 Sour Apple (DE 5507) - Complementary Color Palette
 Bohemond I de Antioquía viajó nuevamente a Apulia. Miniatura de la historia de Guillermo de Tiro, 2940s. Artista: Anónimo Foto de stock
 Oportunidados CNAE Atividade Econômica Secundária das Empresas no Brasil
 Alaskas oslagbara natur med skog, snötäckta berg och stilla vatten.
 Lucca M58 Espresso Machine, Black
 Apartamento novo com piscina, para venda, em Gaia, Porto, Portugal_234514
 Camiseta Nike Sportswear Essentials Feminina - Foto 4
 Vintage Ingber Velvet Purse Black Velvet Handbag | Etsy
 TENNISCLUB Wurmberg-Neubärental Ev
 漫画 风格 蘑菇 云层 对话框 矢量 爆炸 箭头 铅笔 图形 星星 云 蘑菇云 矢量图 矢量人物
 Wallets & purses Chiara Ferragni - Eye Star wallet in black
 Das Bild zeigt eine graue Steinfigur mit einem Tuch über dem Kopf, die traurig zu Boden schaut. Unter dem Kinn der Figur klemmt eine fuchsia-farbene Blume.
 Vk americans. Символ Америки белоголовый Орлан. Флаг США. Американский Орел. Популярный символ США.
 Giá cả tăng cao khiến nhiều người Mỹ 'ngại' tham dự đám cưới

What is required: Copy only the lines in the listing that contain "Foto".

Your response:
 Bohemond I de Antioquía viajó nuevamente a Apulia. Miniatura de la historia de Guillermo de Tiro, 2940s. Artista: Anónimo Foto de stock
 Camiseta Nike Sportswear Essentials Feminina - Foto 4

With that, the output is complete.